### INFORMATION PROVIDED
◆ ◆ ◆ ◆ ◆ ◆ ◆

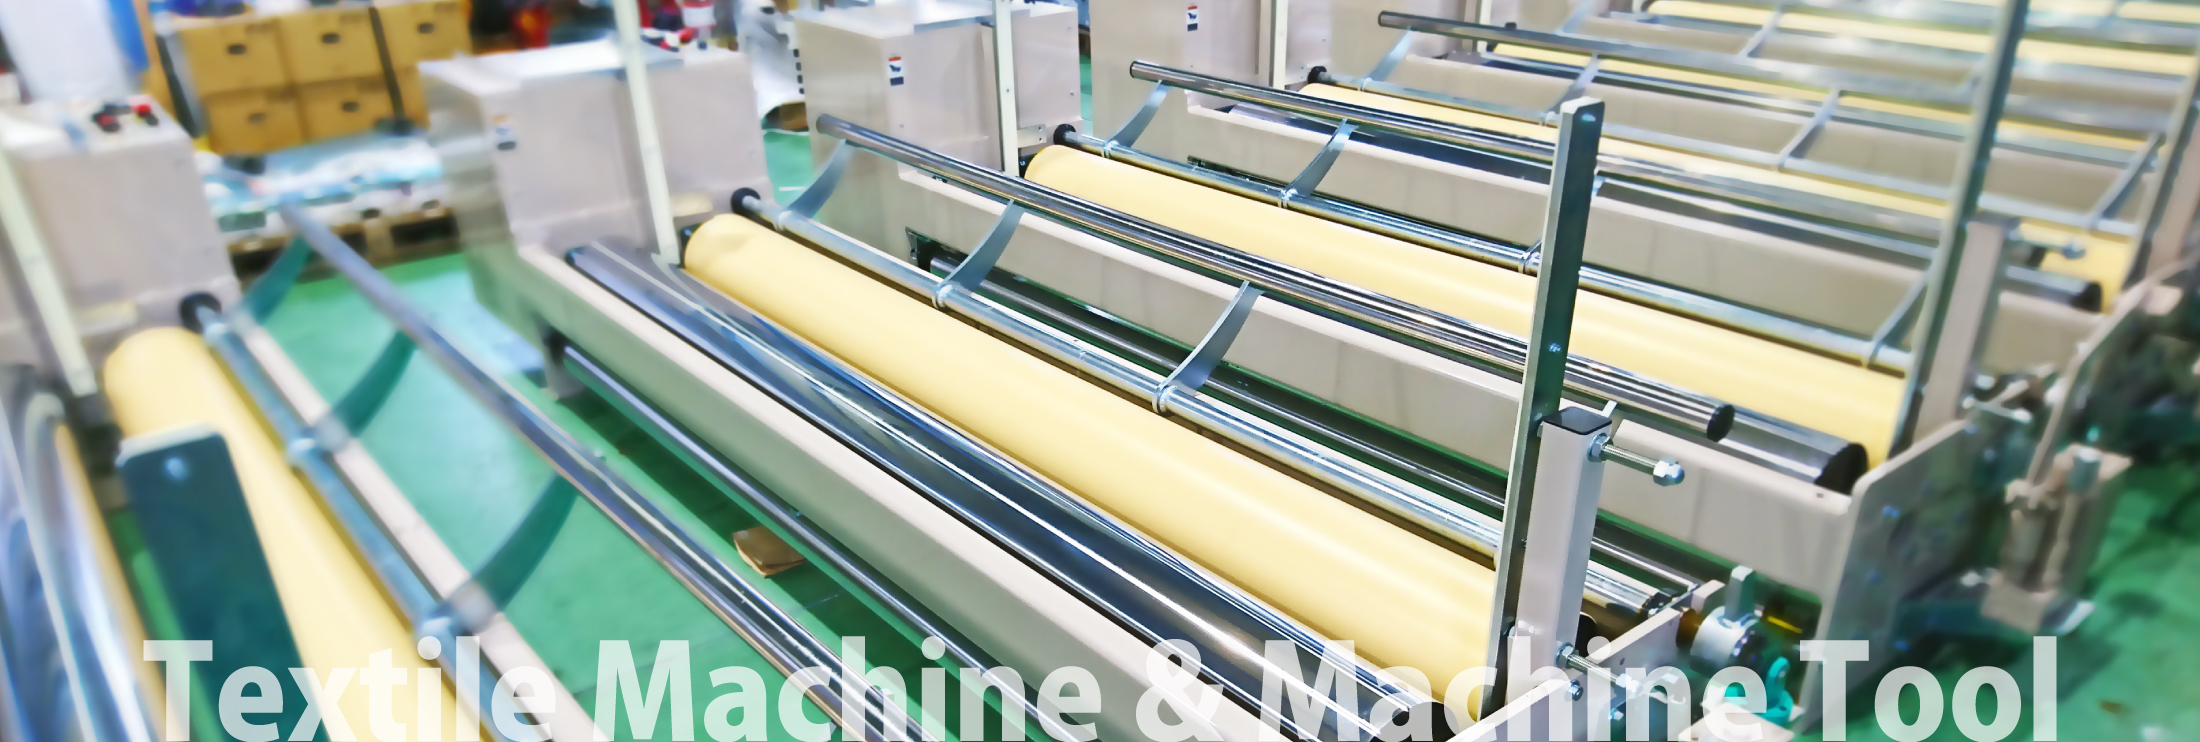 Textile Machine & Machine Tool
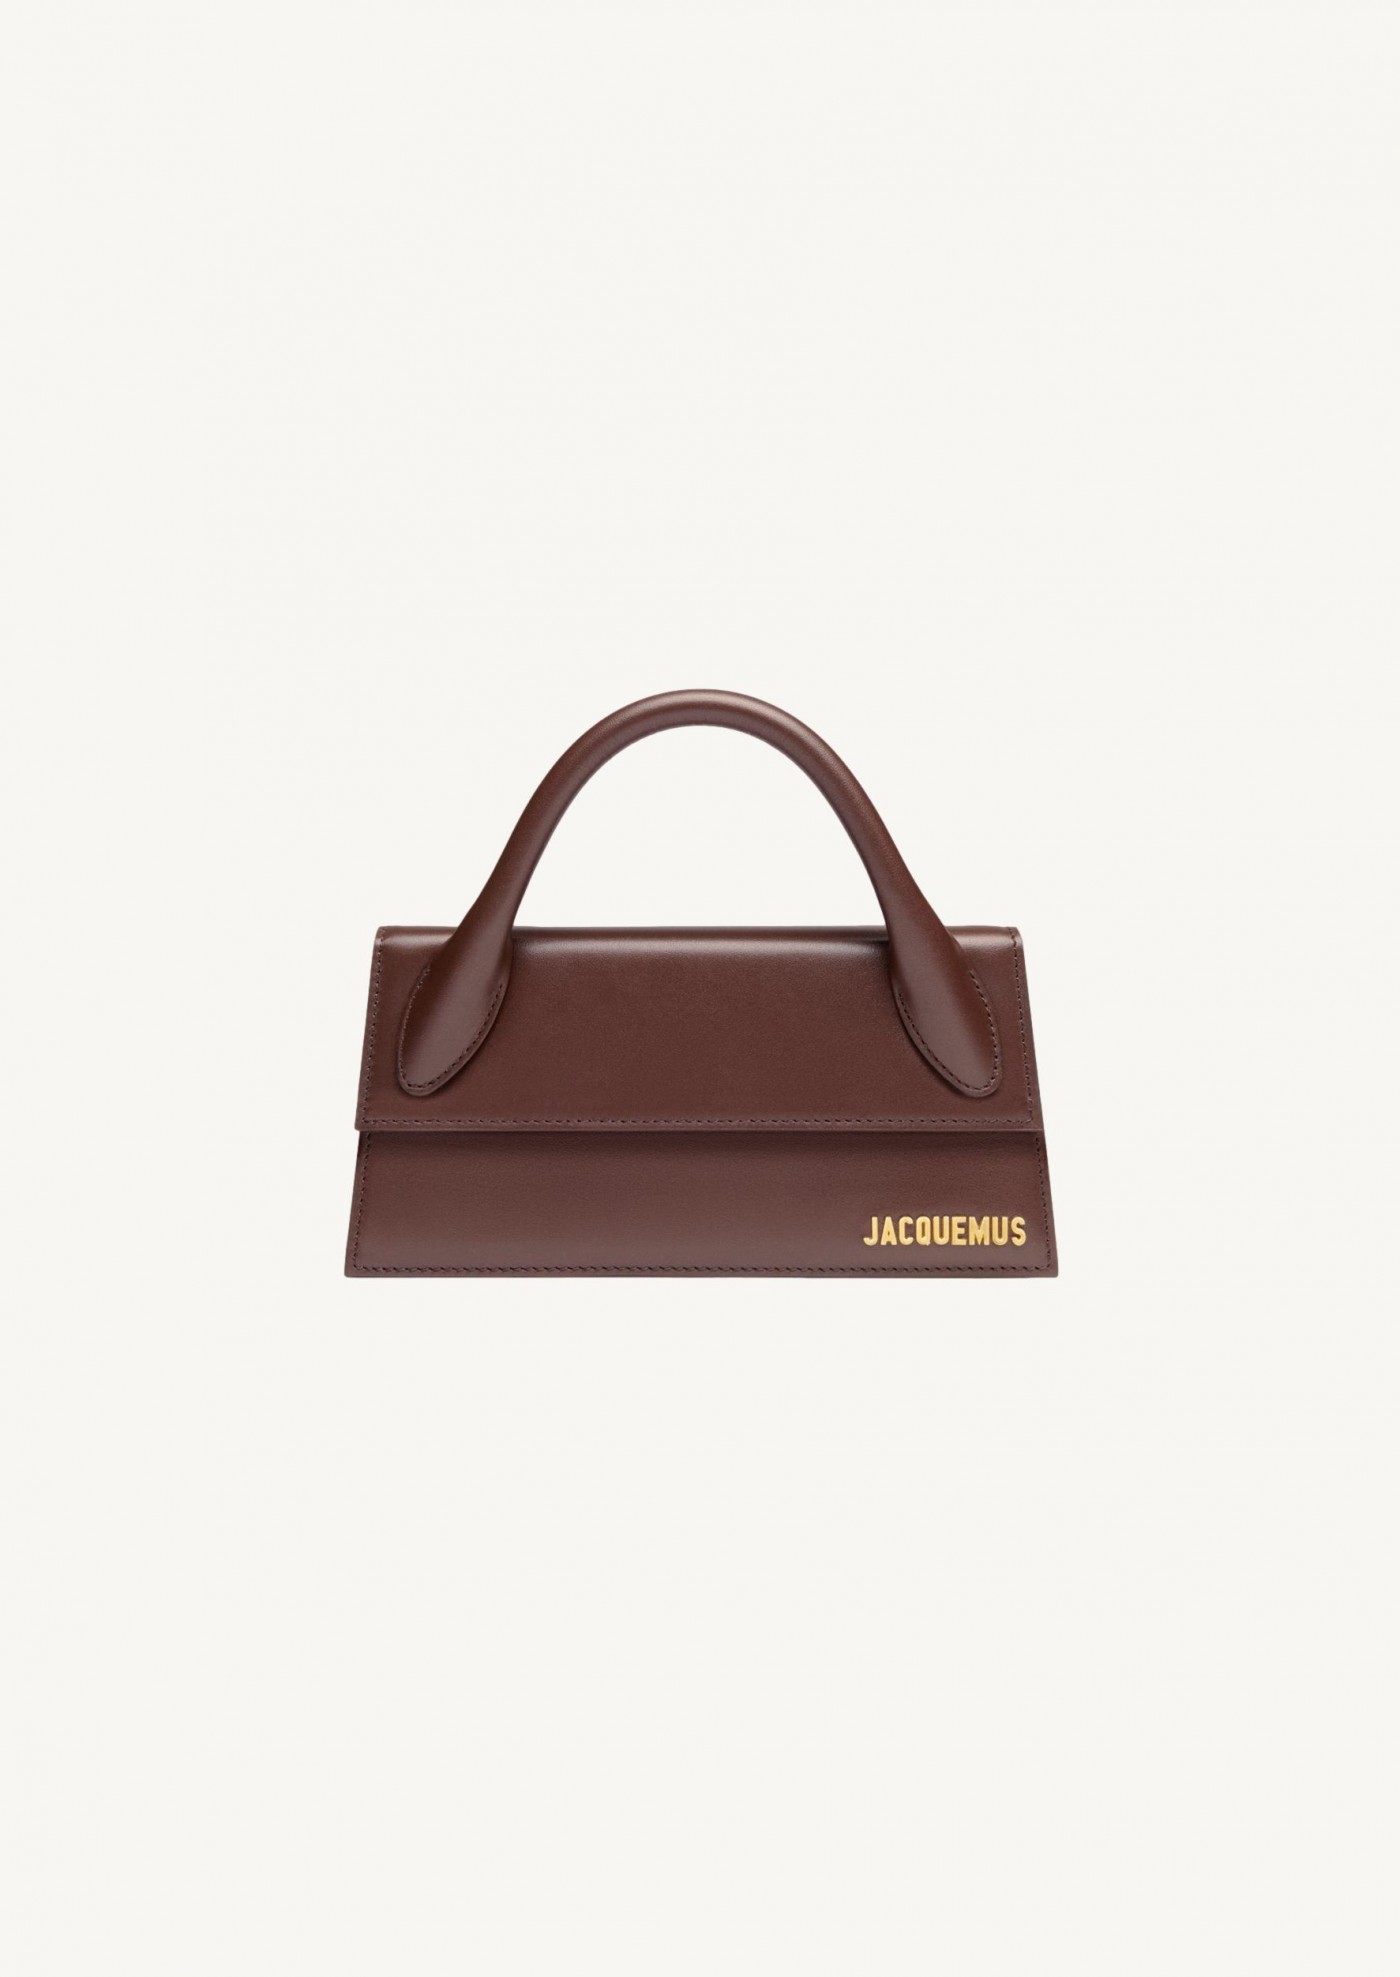 Jacquemus Chiquito Long Leather Handbag
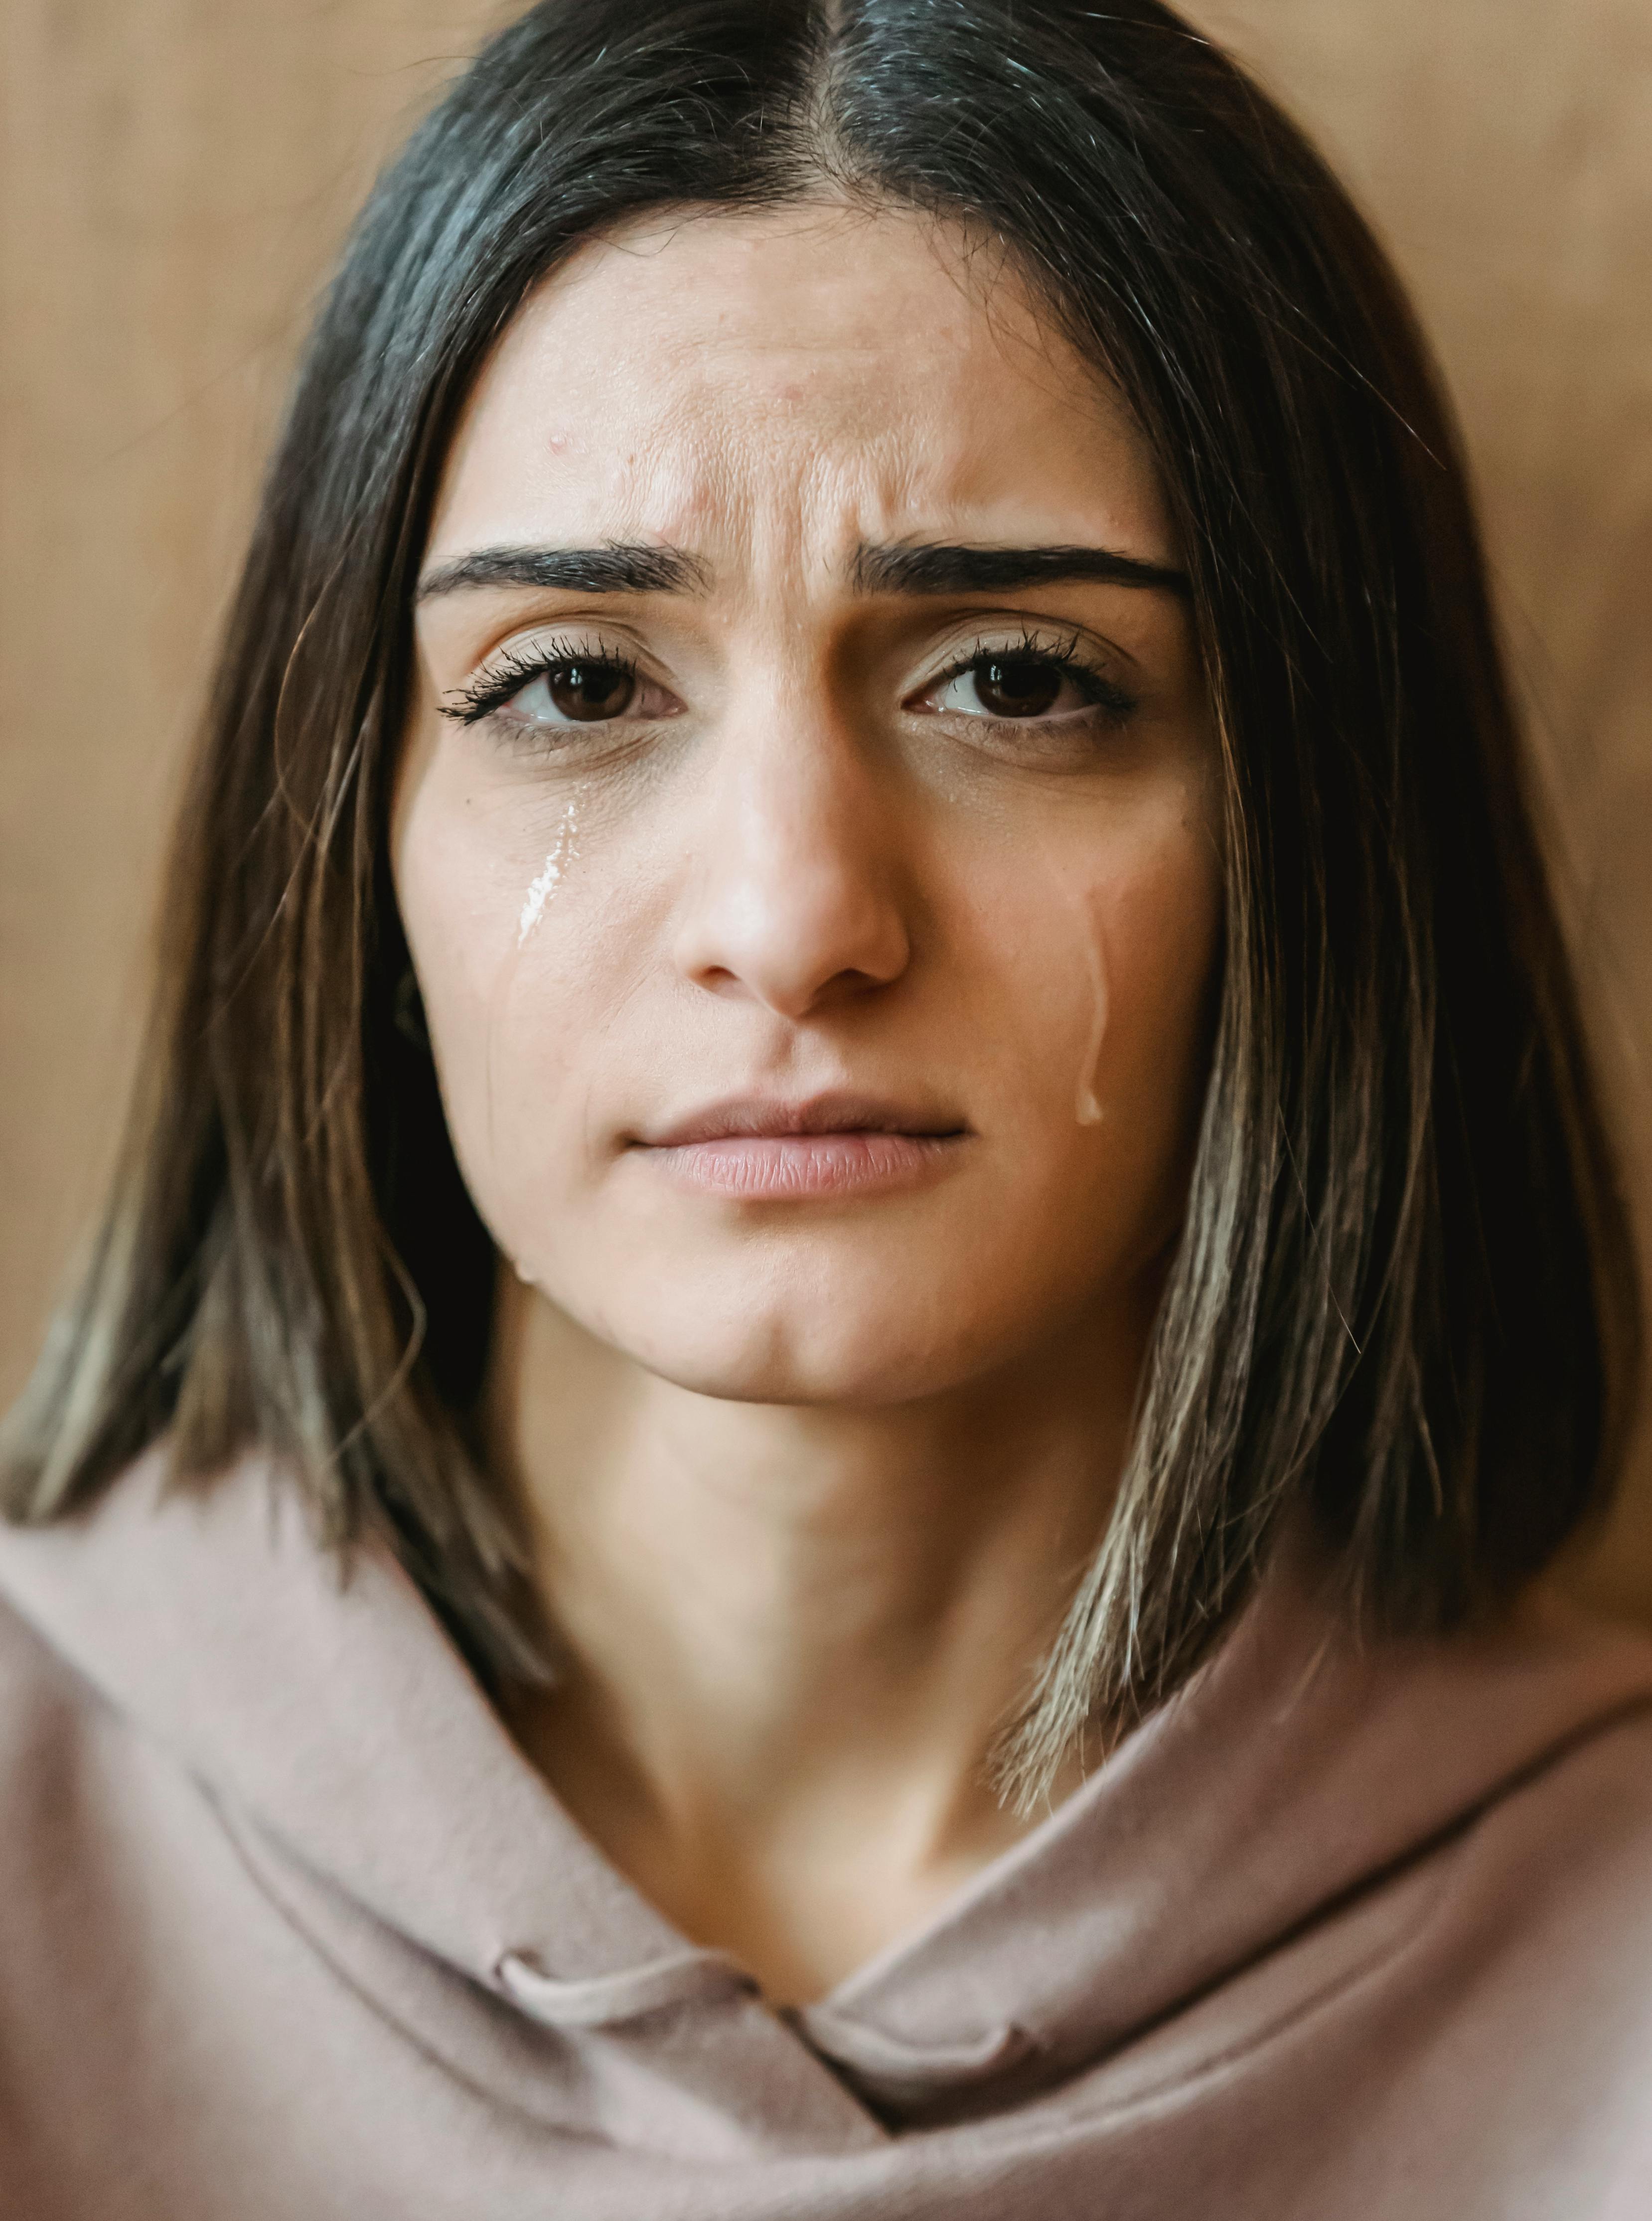 A sad woman crying | Source: Pexels

◆ ◆ ◆ ◆ ◆ ◆ ◆

### WHAT THE TASK ASKS
Leaving out only the pictures, return the material above unchanged.

### RESPONSE
 Textile Machine & Machine Tool
 Jacquemus Chiquito Long Leather Handbag
 A sad woman crying | Source: Pexels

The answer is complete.